- Source material
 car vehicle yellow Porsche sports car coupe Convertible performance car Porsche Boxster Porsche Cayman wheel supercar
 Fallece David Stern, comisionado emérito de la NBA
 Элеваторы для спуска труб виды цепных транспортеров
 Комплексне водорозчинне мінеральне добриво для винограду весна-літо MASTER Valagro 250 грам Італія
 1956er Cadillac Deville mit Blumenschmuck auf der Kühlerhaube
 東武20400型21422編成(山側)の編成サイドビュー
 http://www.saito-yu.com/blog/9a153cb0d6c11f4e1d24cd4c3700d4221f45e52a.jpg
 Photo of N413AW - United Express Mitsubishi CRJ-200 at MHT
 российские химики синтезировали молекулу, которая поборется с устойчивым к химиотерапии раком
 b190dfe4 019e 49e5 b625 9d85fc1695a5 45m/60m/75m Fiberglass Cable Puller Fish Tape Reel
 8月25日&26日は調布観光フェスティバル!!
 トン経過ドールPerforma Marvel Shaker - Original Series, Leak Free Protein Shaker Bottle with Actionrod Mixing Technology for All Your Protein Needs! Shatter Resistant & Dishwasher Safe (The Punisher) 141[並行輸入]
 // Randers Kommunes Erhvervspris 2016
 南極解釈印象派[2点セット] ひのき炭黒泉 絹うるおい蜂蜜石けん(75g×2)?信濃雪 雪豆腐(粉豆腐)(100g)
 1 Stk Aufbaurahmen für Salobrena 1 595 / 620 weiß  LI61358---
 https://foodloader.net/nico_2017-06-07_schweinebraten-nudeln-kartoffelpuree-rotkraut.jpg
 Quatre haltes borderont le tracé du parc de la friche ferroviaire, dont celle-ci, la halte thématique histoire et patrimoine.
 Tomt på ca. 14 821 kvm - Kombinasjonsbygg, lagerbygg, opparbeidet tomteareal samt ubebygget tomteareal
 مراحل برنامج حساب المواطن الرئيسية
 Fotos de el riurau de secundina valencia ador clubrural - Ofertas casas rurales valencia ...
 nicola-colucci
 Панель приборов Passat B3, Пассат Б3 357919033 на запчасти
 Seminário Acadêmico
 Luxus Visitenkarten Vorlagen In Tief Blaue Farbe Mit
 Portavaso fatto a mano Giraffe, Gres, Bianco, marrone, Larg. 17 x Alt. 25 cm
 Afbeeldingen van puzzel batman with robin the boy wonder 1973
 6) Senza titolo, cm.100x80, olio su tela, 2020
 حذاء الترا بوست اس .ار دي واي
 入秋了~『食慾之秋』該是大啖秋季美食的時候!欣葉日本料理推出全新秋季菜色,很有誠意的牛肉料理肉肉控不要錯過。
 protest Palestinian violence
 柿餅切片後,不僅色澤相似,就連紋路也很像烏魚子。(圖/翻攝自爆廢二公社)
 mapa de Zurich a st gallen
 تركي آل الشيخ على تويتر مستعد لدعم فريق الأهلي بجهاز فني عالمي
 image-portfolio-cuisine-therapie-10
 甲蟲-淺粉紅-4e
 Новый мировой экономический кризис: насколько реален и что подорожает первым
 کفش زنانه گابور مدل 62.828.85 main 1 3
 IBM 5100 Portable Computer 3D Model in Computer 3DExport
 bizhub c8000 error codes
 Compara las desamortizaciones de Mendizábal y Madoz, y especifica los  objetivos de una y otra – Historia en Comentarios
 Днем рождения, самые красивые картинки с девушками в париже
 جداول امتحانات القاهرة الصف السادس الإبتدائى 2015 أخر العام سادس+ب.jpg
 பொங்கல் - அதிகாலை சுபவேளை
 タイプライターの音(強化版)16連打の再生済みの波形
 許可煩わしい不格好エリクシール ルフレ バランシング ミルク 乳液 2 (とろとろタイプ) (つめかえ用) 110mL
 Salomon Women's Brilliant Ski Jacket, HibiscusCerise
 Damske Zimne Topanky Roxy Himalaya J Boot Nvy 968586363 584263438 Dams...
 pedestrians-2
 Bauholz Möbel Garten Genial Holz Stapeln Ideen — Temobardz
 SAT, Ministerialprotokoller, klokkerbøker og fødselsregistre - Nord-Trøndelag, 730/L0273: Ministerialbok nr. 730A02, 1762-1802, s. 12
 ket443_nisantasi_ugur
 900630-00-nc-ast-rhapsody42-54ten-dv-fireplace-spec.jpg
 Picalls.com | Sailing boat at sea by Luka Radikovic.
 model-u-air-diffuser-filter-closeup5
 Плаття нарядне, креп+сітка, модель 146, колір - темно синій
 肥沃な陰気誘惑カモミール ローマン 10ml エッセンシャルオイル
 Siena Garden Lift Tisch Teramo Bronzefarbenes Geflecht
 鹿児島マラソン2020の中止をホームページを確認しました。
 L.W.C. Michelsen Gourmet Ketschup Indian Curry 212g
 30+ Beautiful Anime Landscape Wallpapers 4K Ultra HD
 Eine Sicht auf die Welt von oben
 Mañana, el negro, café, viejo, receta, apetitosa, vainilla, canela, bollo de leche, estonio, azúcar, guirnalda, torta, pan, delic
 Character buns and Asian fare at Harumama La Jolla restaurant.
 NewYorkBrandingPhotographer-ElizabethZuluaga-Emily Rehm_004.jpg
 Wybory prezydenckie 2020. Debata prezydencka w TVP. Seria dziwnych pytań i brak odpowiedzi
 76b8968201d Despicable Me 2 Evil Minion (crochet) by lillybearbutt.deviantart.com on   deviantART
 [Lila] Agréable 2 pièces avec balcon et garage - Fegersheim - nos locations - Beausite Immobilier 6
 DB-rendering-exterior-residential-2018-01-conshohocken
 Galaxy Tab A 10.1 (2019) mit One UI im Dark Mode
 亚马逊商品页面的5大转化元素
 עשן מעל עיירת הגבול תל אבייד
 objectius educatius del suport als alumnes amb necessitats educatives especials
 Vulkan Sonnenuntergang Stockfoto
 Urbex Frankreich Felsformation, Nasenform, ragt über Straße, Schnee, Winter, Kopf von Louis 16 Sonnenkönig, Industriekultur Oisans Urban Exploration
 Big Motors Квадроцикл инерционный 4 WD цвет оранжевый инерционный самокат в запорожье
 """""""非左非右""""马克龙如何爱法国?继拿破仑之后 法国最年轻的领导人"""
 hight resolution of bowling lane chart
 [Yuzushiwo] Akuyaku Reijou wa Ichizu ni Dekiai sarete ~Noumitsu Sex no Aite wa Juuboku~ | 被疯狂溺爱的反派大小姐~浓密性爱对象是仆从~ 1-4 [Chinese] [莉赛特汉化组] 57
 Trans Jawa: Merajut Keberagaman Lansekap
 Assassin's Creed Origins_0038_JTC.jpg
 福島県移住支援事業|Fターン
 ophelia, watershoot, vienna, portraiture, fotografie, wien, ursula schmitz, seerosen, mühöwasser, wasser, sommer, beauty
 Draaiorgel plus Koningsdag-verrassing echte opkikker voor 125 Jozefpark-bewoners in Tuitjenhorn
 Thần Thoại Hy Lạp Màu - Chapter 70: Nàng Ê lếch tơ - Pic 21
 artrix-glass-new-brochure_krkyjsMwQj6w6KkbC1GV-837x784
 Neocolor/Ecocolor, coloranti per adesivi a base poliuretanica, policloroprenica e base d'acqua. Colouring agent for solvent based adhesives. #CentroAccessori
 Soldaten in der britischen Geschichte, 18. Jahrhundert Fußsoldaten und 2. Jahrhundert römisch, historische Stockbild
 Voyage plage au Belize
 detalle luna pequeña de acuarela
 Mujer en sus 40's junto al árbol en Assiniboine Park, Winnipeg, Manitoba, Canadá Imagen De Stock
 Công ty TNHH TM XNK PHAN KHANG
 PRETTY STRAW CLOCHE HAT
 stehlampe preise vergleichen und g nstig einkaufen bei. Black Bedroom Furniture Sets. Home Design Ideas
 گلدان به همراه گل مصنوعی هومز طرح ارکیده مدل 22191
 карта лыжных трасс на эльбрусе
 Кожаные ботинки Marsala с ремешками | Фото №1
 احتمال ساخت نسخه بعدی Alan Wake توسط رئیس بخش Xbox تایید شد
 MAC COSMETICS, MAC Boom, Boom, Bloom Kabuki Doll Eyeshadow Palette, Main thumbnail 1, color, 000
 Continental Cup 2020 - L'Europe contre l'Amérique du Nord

- Assigned task
Please go through the data above and copy each line that has the word "Nord".

- Written solution
 SAT, Ministerialprotokoller, klokkerbøker og fødselsregistre - Nord-Trøndelag, 730/L0273: Ministerialbok nr. 730A02, 1762-1802, s. 12
 Continental Cup 2020 - L'Europe contre l'Amérique du Nord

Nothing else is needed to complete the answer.